The Foundation shall indemnify any person who was or is a party or is threatened to be made a party to any threatened, pending or completed action, suit or proceeding, whether civil, criminal, administrative or investigative, by reason of the fact that he/she is or was a director, officer, employee, or agent of the Foundation, or is or was serving at the request of the Foundation, as a director, officer, employee, or agent of another corporation, partnership, joint venture, trust or other enterprise, against expenses (including attorney's fees), judgments, fines and amounts paid in settlement by her/him in connection with such action, suit or proceeding to the full extent permitted by the laws of Maryland. Expenses incurred in defending a suit, proceeding of civil or criminal action shall be paid by the Foundation in advance of the final disposition of such action, suit or proceeding to the extent, if any, authorized by the Board of Directors, in accordance with the provisions of the laws of Maryland, upon receipt of an undertaking by or on behalf of the director, officer, employee or agent to repay such amount unless it shall ultimately be determined that he/she is entitled to be indemnified by the Foundation.
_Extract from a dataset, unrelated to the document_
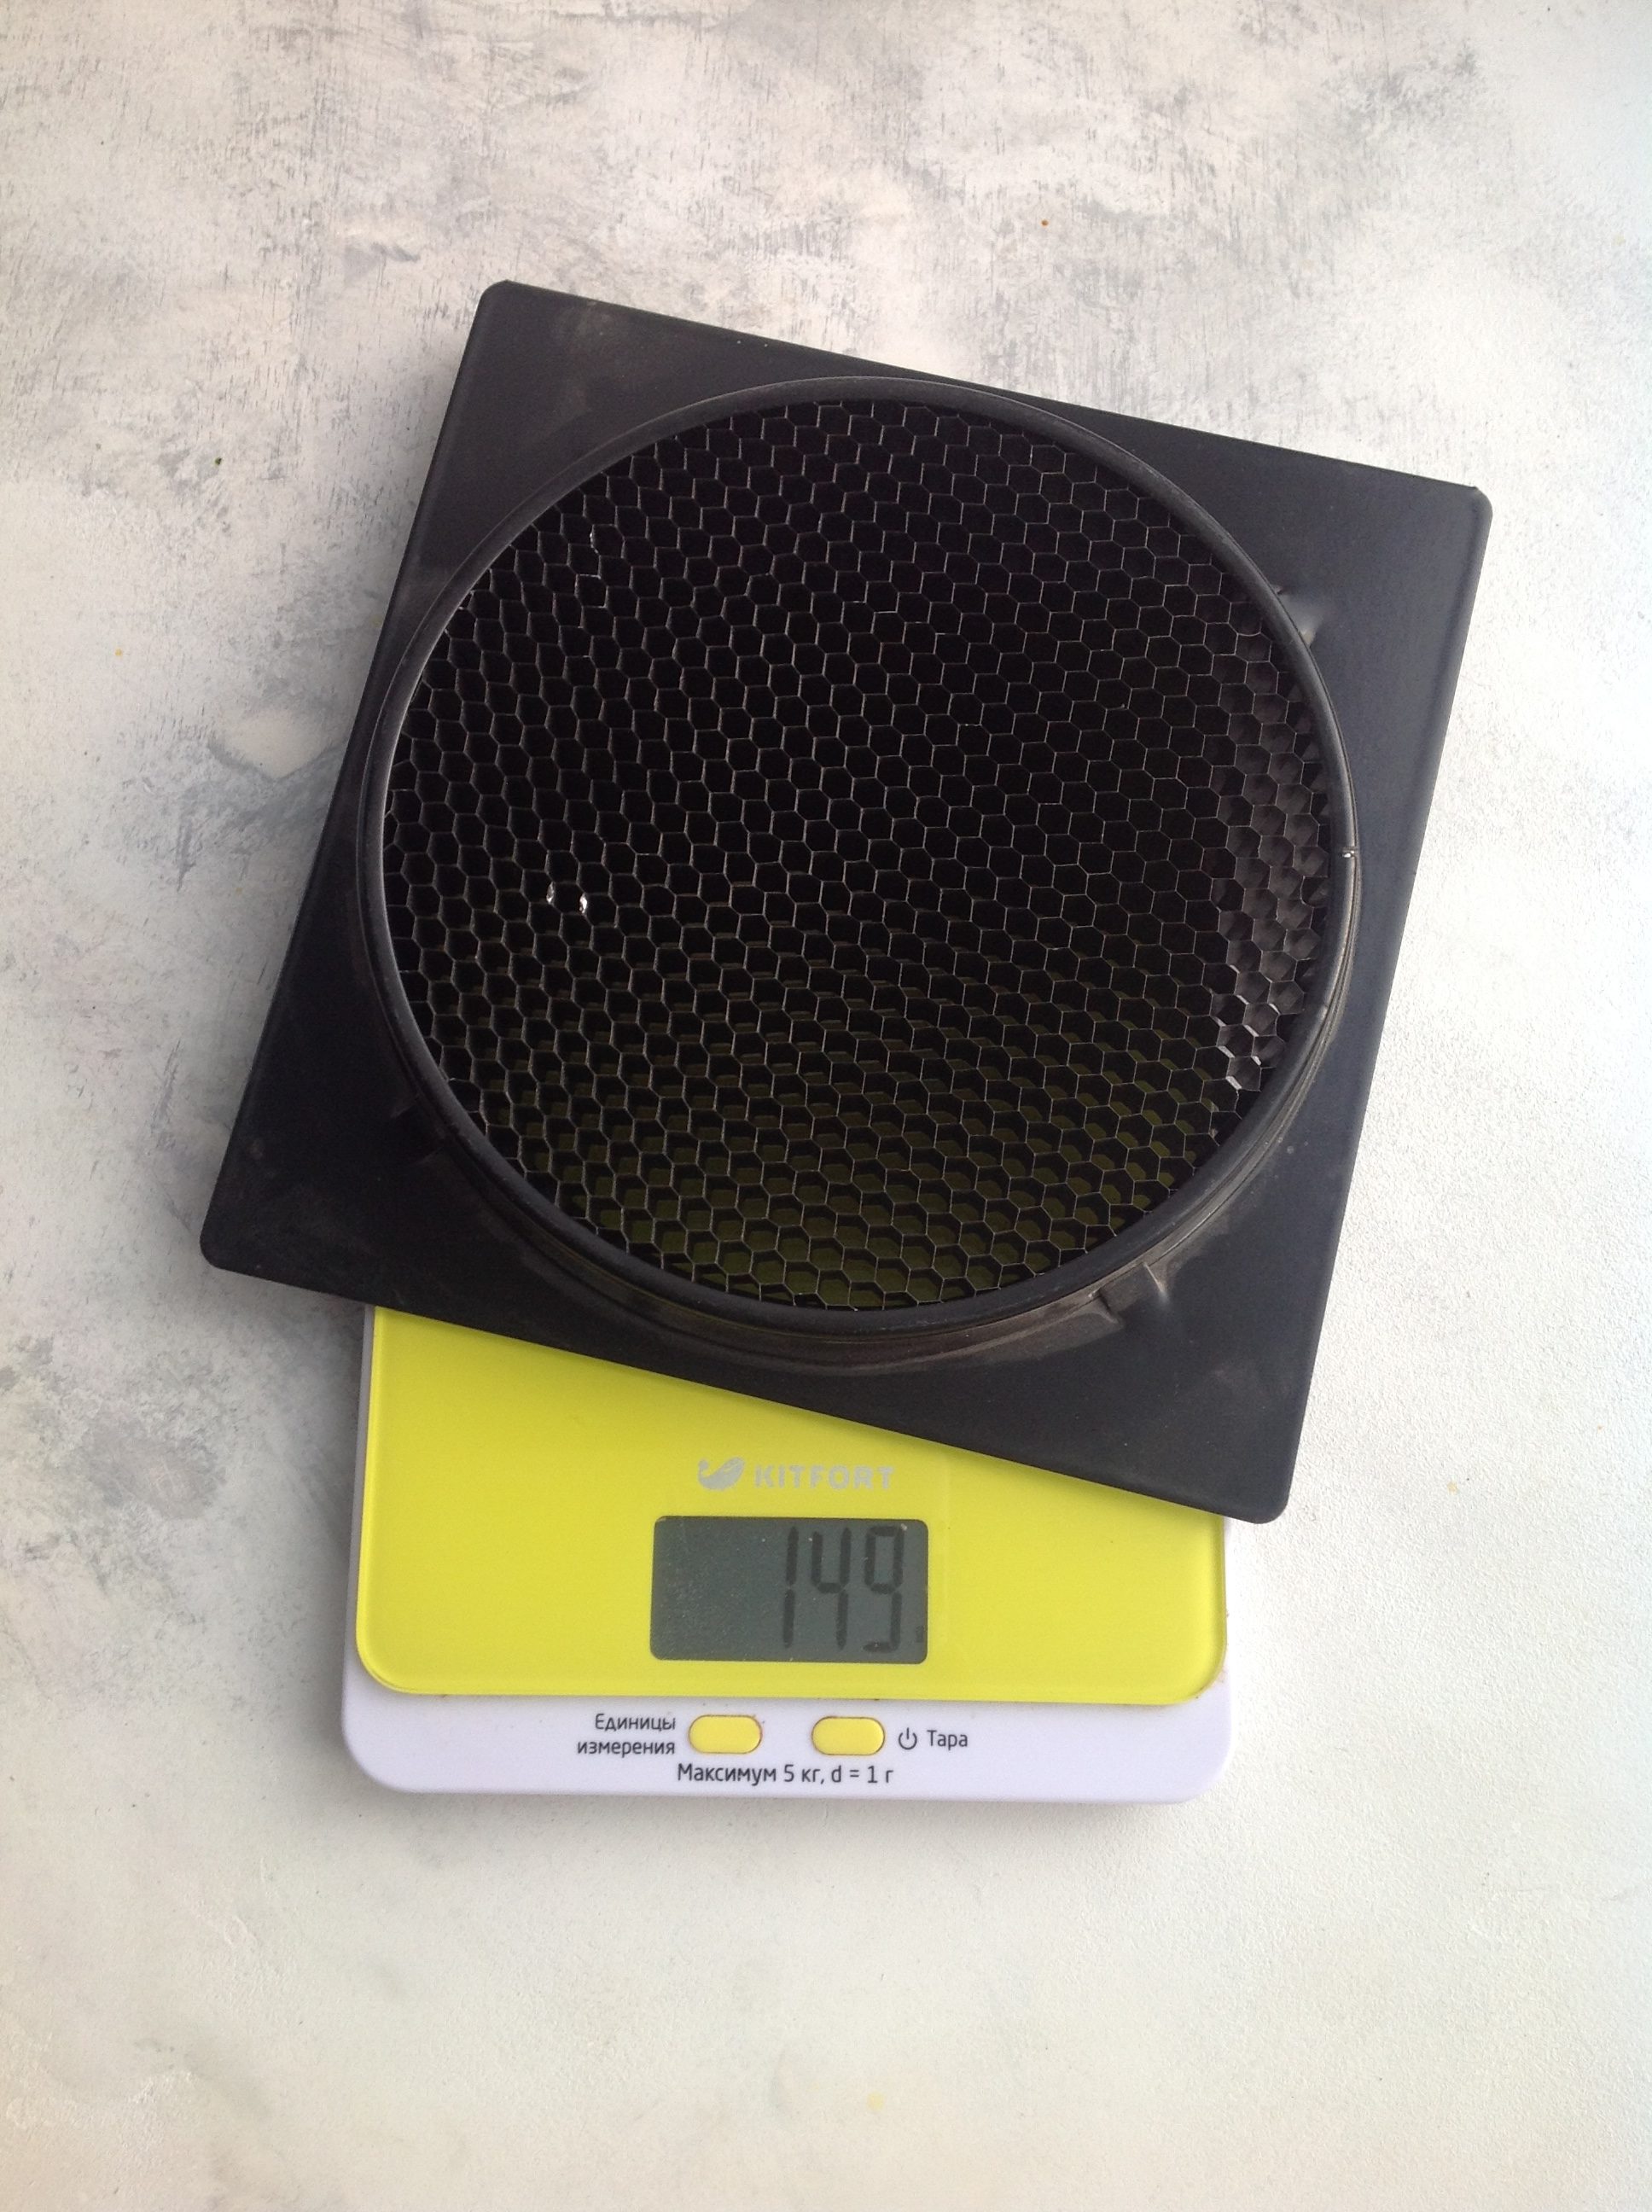 вес насадки соты для студийного светового оборудования

Notwithstanding any other, provision hereof, the Foundation shall in no event indemnify any person otherwise entitled to such indemnification if (i) such indemnification would constitute "self-dealing" as defined in Section 4941 of the Internal Revenue Code of 1986, as amended from time to time, or the corresponding provision of any future federal tax law, or (ii) such person is finally adjudicated, in the action, suit or proceeding as to which indemnification is sought, to have committed willful misconduct.

Bylaws are as amended by the EEF Board on February 17, 2011.